Retroactive placeholder for easy future reference, and quarterly roll-up within perf team.
Description
Status | Subtype | Assigned | Task | ||
---|---|---|---|---|---|
Invalid | None | T309013 EditAttemptStep Migration to (monoschema) MP | |||
Resolved | phuedx | T309985 Migrate WikiEditor EditAttemptStep instrument to Metrics Platform | |||
Open | None | T276378 EPIC: Release Metrics Platform v1 | |||
Open | None | T299916 Validate the new stream configuration properties | |||
Resolved | phuedx | T281762 Incorporate librarized Metrics Platform PHP client into EventLogging | |||
Resolved | Krinkle | T309656 Performance review for new Metrics Plaform JS library |
Event Timeline
The process for "major" reviews is documented on mediawiki.org. I'd say this wasn't a major change per-se. What I think is important is that the relevance and potential of performance impact was recognised very early on by @phuedx, who then reached out and asked for input accordingly. At that point, I could have asked to file a review task, which I choose not to.
For future reference, most of this review happened directly in code review, which I think was quite efficient and effective for this case:
I shared a couple of tips on how I measure certain things and what we generally look for.
The main thing we identified was the increase in transfer size for the EventLogging payload: T309313: Minimise bytes transferred in Metrics Platform client.

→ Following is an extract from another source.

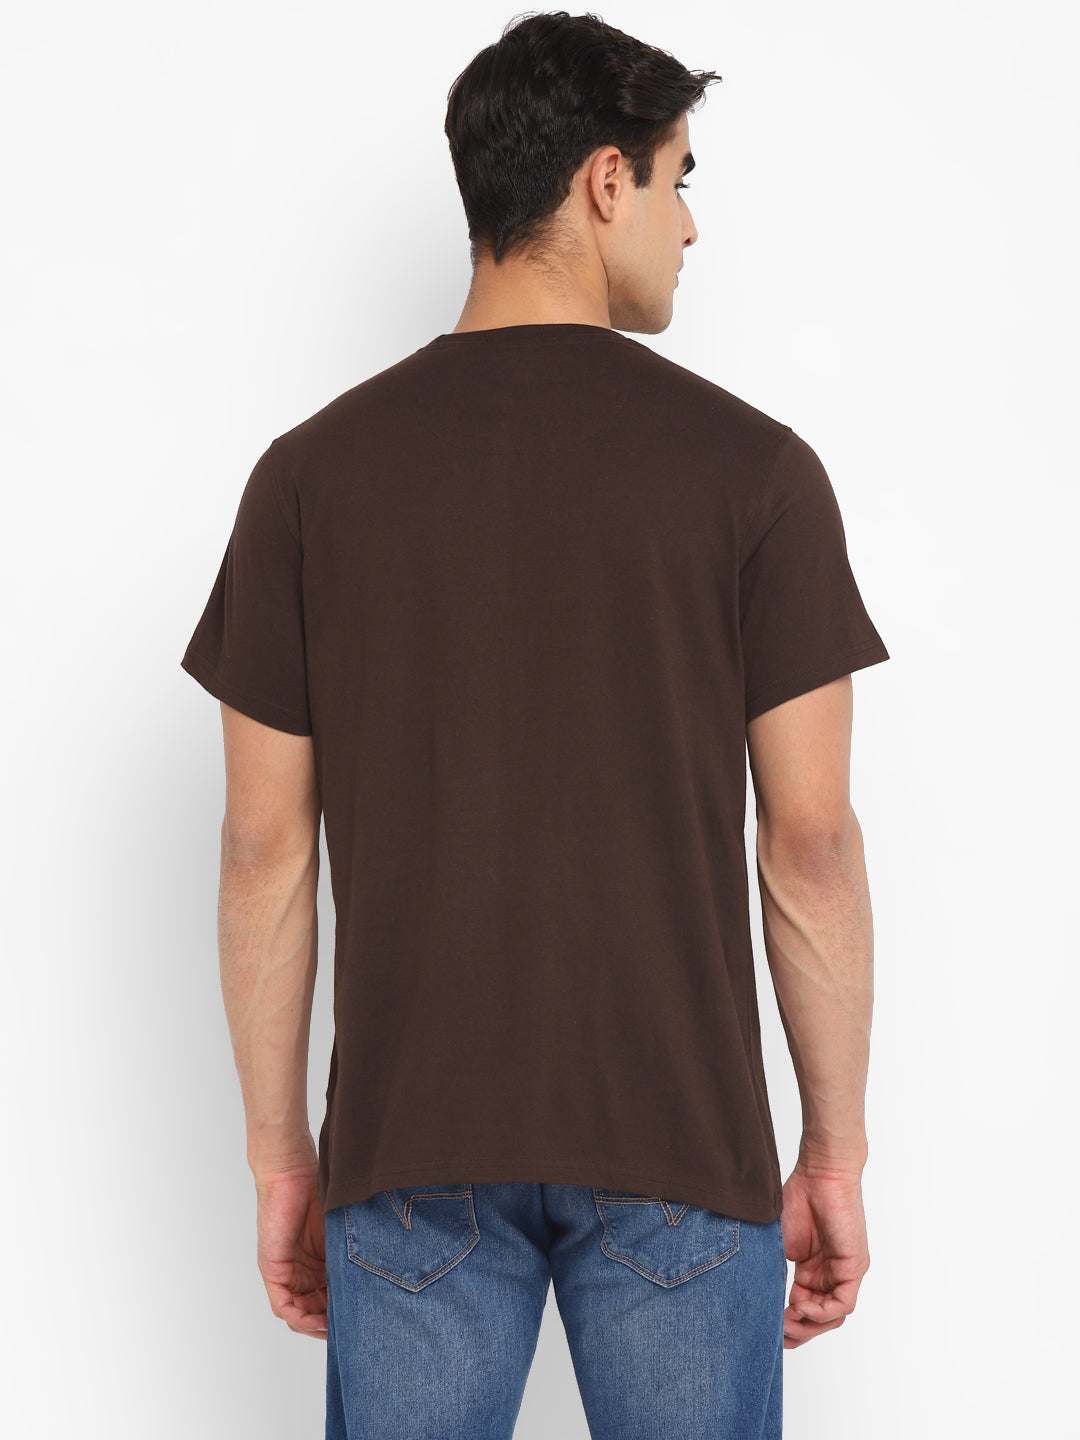 Printed Round Neck T-Shirt For Men - Coffee Brown
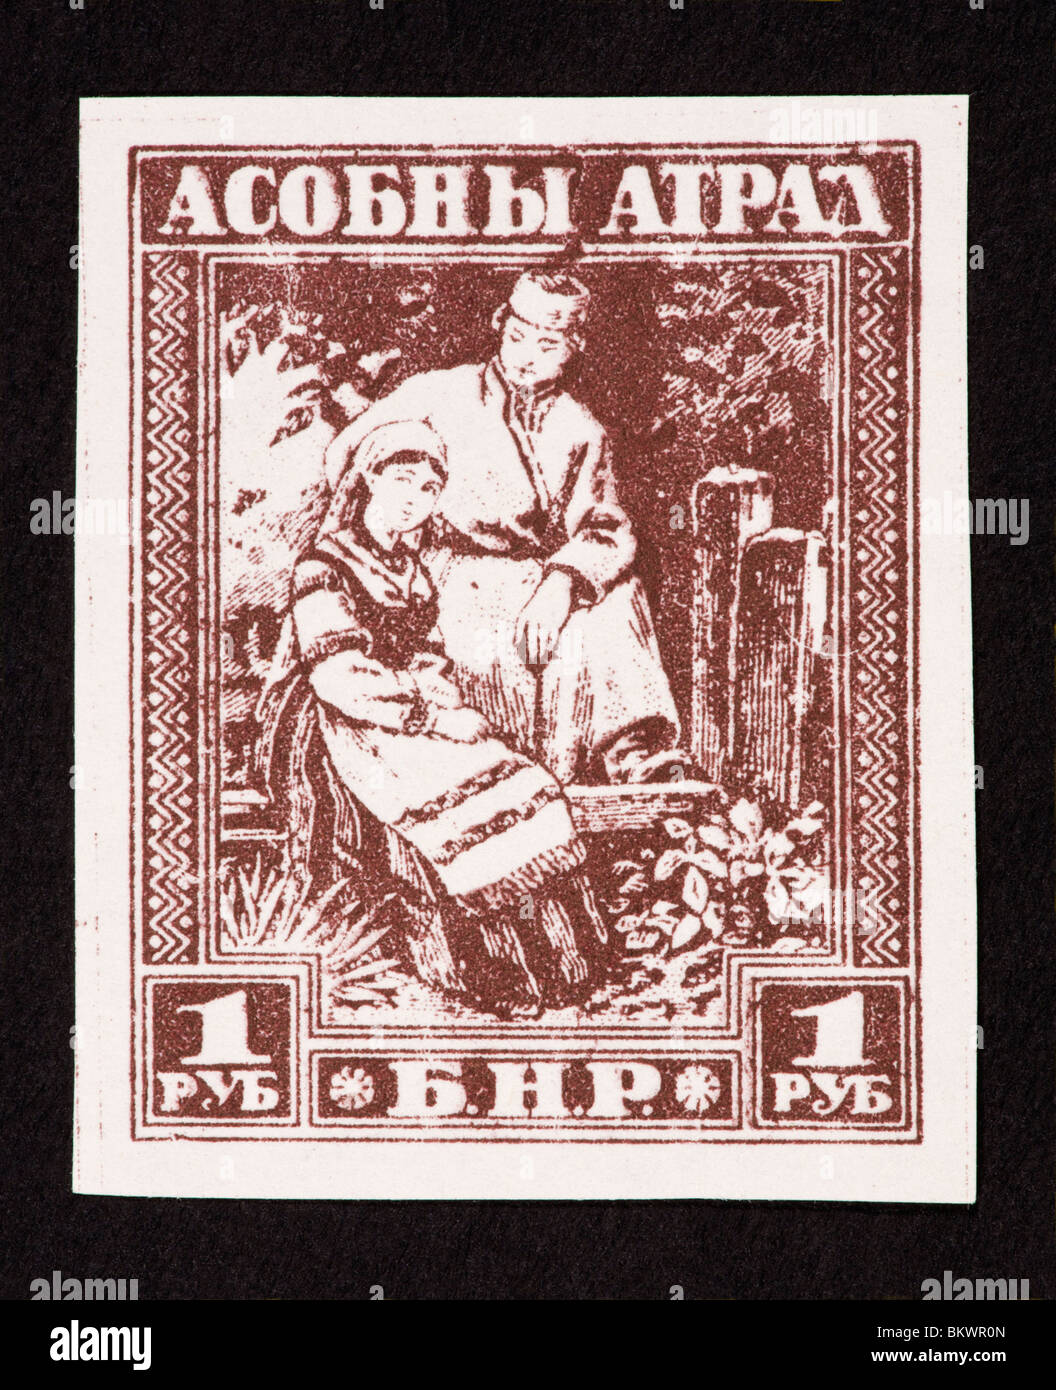 Propaganda label from White Russia (Belarus) depicting man and a woman or girl. Stock Photo

.. of which the bulk was addressed via:
... which I gave feedback on, and after a library release, Sam then pulled this the same WIP commit draft we had before, and emperically verified the impact. I signed off with a +1 for subsequent merging and train deployment.
As part of the extension review, @Reedy and myself also covered some general extension and library best practices (some of which are documented for future reference: docs, more docs)
[PHP] composer.json: Swap from classmap to PSR-4
As part of our regular monitoring, we'll follow-up if any unexpected fallout appears down the line. I'm confident we've covered what we can reasonly cover as part of the performance review and the tools and information is known and available to proactively keep an eye on this.
Feel free to reach out with any questions or follow-up, either here or directly to myself or the team by email.
Thanks!
Thanks for taking the time to write this up, @Krinkle.
Should we go through a similar process for the PHP integration and integration with EventLogging?
@phuedx Sure! Feel free to CC myself and Aaron in code review. I antipate a much smaller risk area here though as I assume server-logged events are almost entirely invisible from the client perception (no bytes transferred, deferred code execution).
As reference, check out our guidance on Backend performance and runbook for Backend measurement. While expensive computations can come in unexpected places, I imagine the main take-away here will be to use DeferredUpdates. Beyond that the only concern would be infrastructure cost or memcached use, but that takes a lot to exhaust and is not something we really have general guidance on beyond using your judgement.